I went subterranean twelve weeks ago, maybe more. Came up again two days ago, I think. I know this because I found myself gardening yesterday.
This was a tunnel of a place I’ve been in, a way into and through the deep, long list entitled Impossible-but-Necessary. In twelve weeks strong and beautiful people died, shockingly, suddenly, and those of us who grieve them turned inward then slowly forward; old and treasured things were broken then transformed phoenix-like amid the mourning, the loss. Boundaries were breached, injuries dealt and received, some old trusts betrayed and also new ones established without question. Concerts were rehearsed and played; family homes sold and contents dispersed, others burned and the tenants embraced by this rich community. Long overdue letters were written and sent; 50-year careers ended; a 20-year-old vehicle sold for parts; the streets in the city opened and excavated in the great replacement of metal with plastic…

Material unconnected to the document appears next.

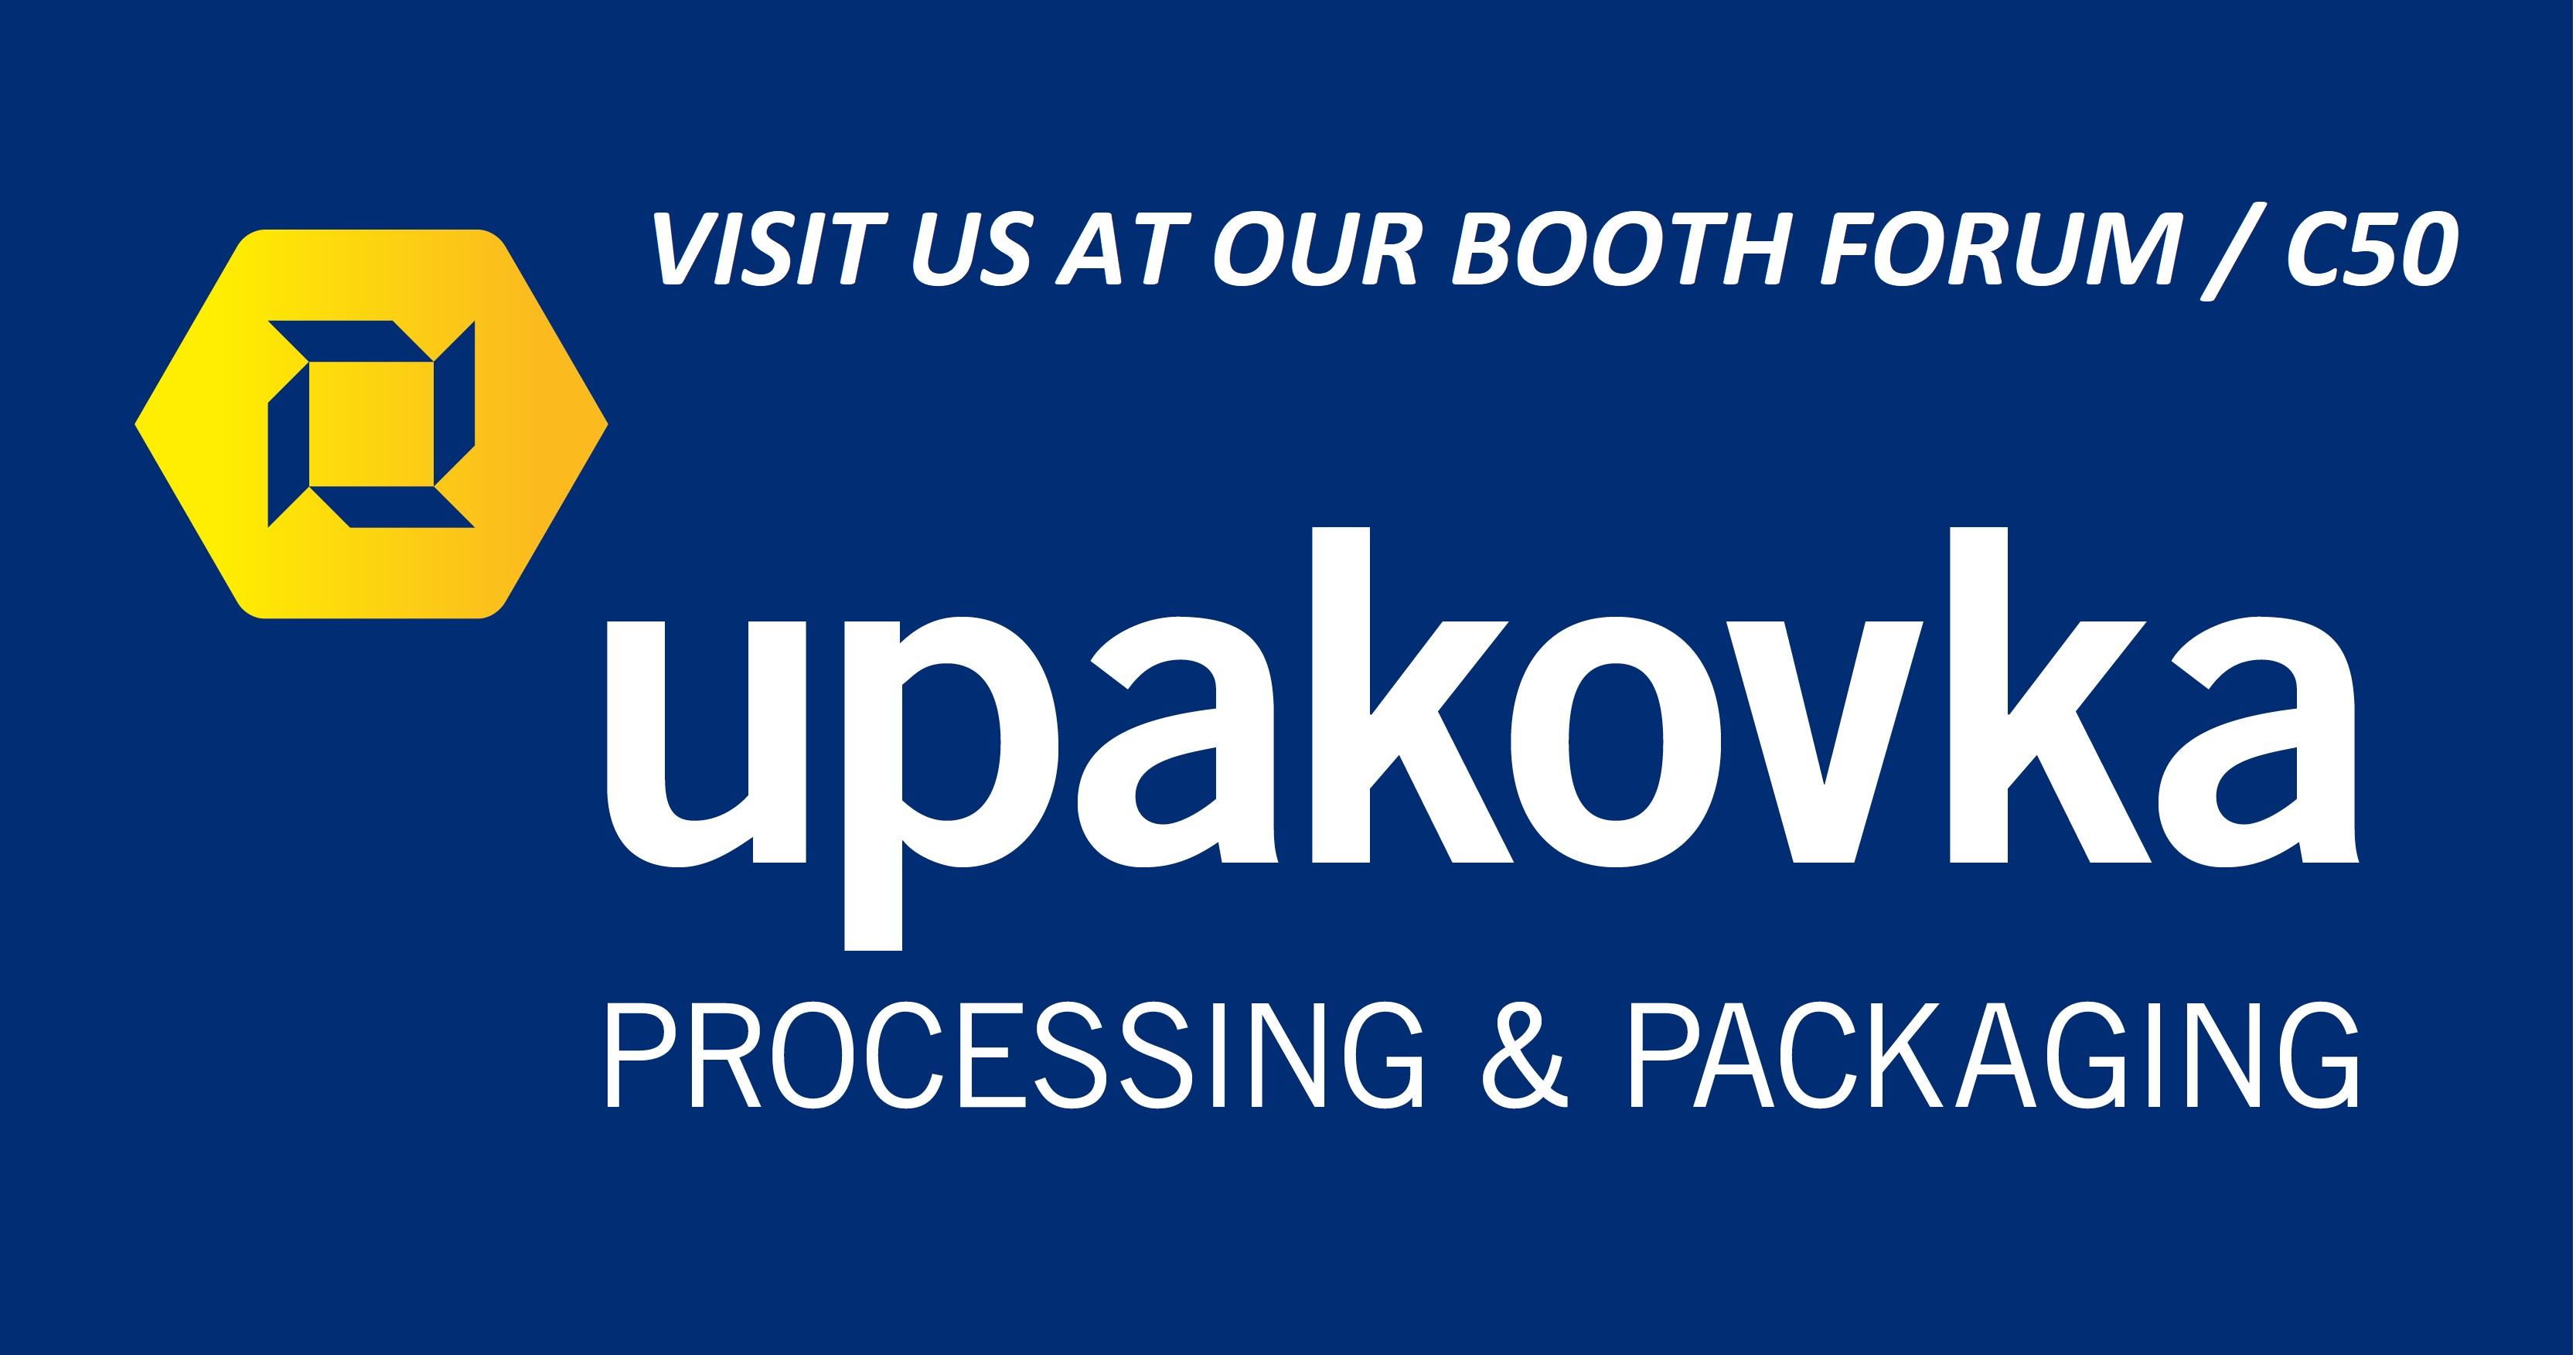 PTG exhibitor at Upakovka

As the boxes were packed and the old things released into landfill sites, recycling depots, re-store Judy Collins sang who knows where the time goes? to help the tears come.
As the goodbyes were said after the stories were told, as the weeping hugs were shared, Kodaly’s solo cello sonata raged and softened and spoke …
As the solos were played and the painting delivered; as the portfolio was presented and the university applications sent, Cohen sang ring the bells that still can ring, forget your perfect offering…
Through all the overnight insomnia on the studio couch Joni sang dream on, dream on...
As we turned forward into spring, and green and growth, david sereda sings, you’re beautiful. Be You. Coco Love Alcorn sings We gather ’round when we can, and we let ourselves be true… Tyler Wagler sings …out the doorway, ‘way we go. Where you lead, I will follow … Kati Gleiser plays Rachmaninoff and then sings our beauty back to us.